Generating Machine Learning Data Sets

This chapter describes how to generate machine-learning datasets using OghmaNano. Typically, these datasets are exported and processed using external frameworks such as TensorFlow for training, inference, or prediction.

1. Introduction

It is often desirable to extract physical device parameters from experimental data using modelling. For example, one may have a set of JV curves and wish to determine the charge-carrier mobility and recombination rate of the device. Traditionally, this is achieved by fitting a physics-based model, such as OghmaNano, to the data (as described in the fitting tutorial). The drawback of this approach is that fitting a single data set can be time-consuming, and the difficulty increases substantially when multiple data sets must be analysed. The fitting process is complex, typically requiring significant expertise in numerical simulation and a considerable amount of manual intervention.
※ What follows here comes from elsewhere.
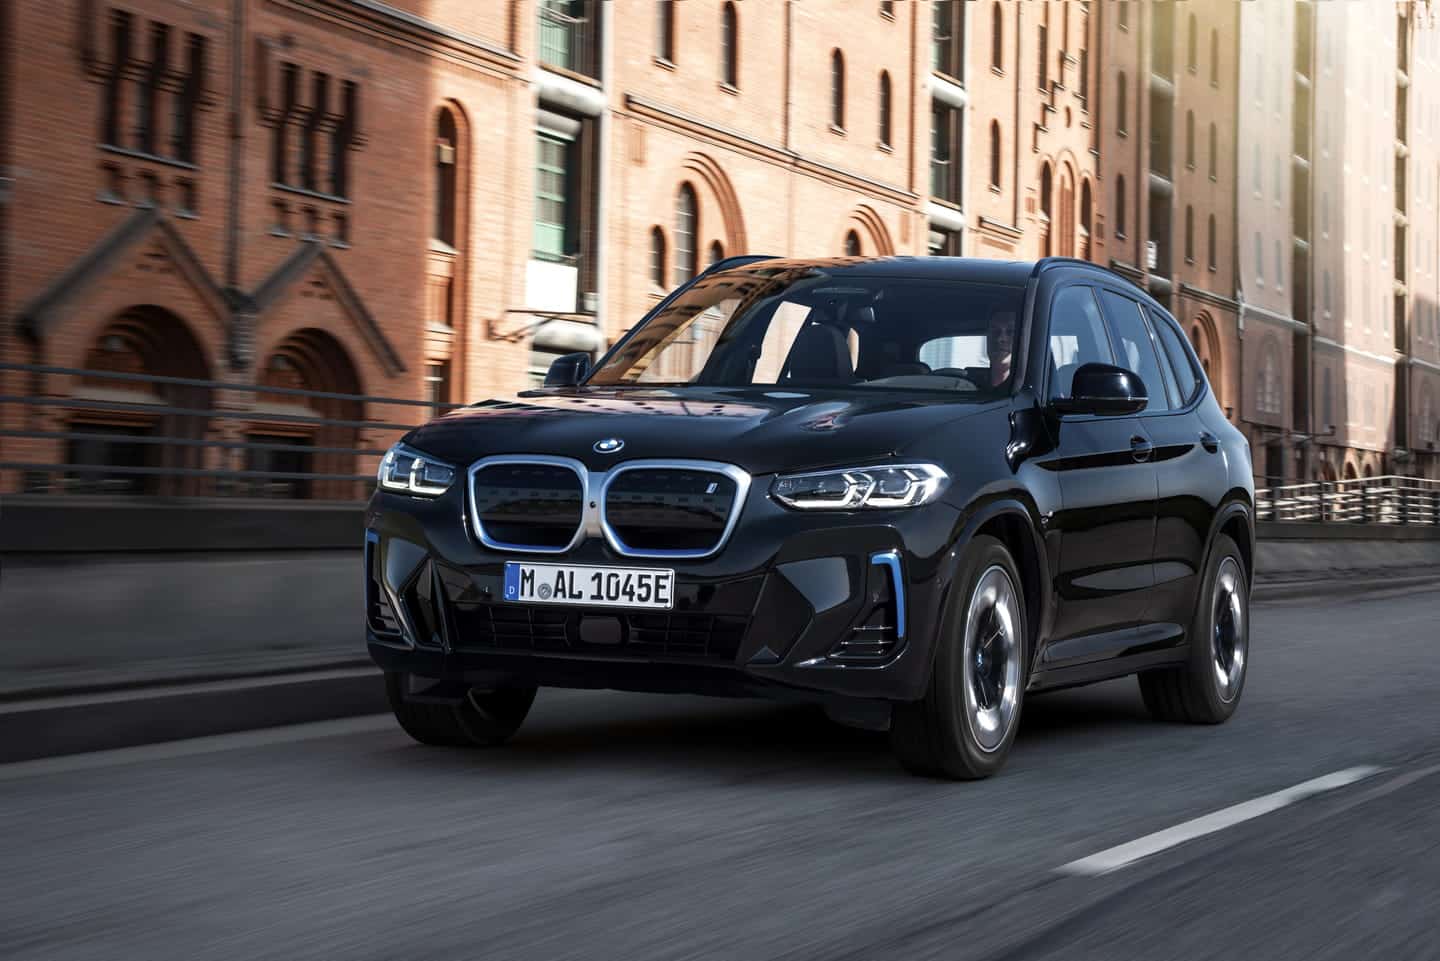 BMW iX3: the brand’s first 100% electric SUV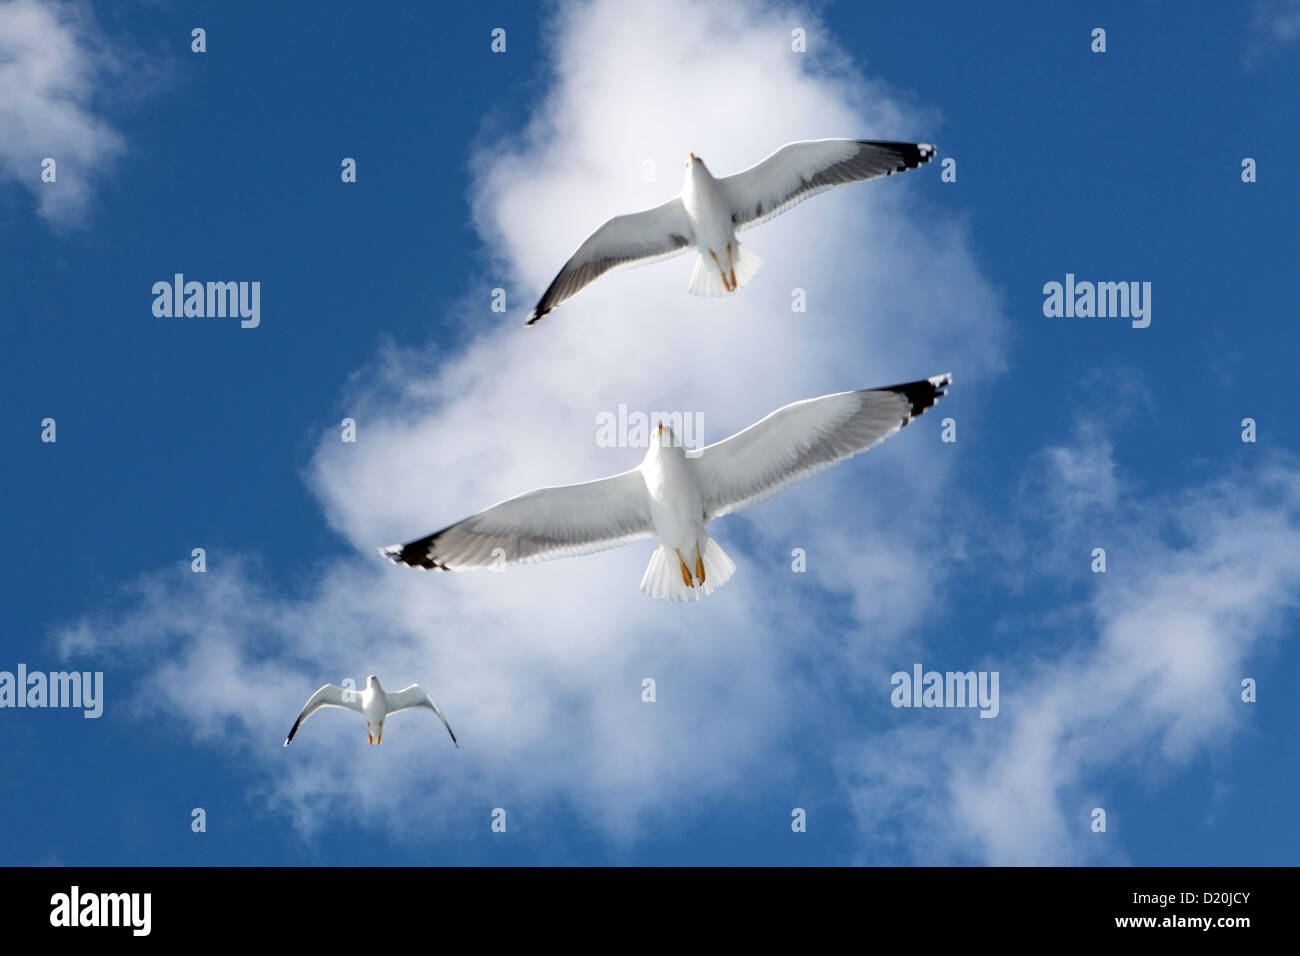 Looking up at three seagulls in flight against a bright blue sky & fluffy cloud, Tenerife, Canary Islands Stock Photo

As a result, detailed device fitting is only performed by a relatively small subset of the community.

A more modern approach is to use machine learning. Rather than fitting a single JV curve directly, a simulation is first constructed that represents the device structure. Instead of optimising individual electrical parameters, many thousands of copies of this device are generated with randomly selected parameter values. Each of these instances is referred to as a virtual device. A simulation program such as OghmaNano is then used to generate JV curves for each virtual device, producing a data set consisting of JV curves paired with their corresponding electrical parameters. This data can be used to train a machine-learning model to predict electrical parameters directly from JV characteristics. In this framework, OghmaNano acts as a forward transform, mapping electrical parameters to simulated experimental data, while the machine-learning model provides the inverse transform. Once trained, the model can be applied to extract material parameters from real devices.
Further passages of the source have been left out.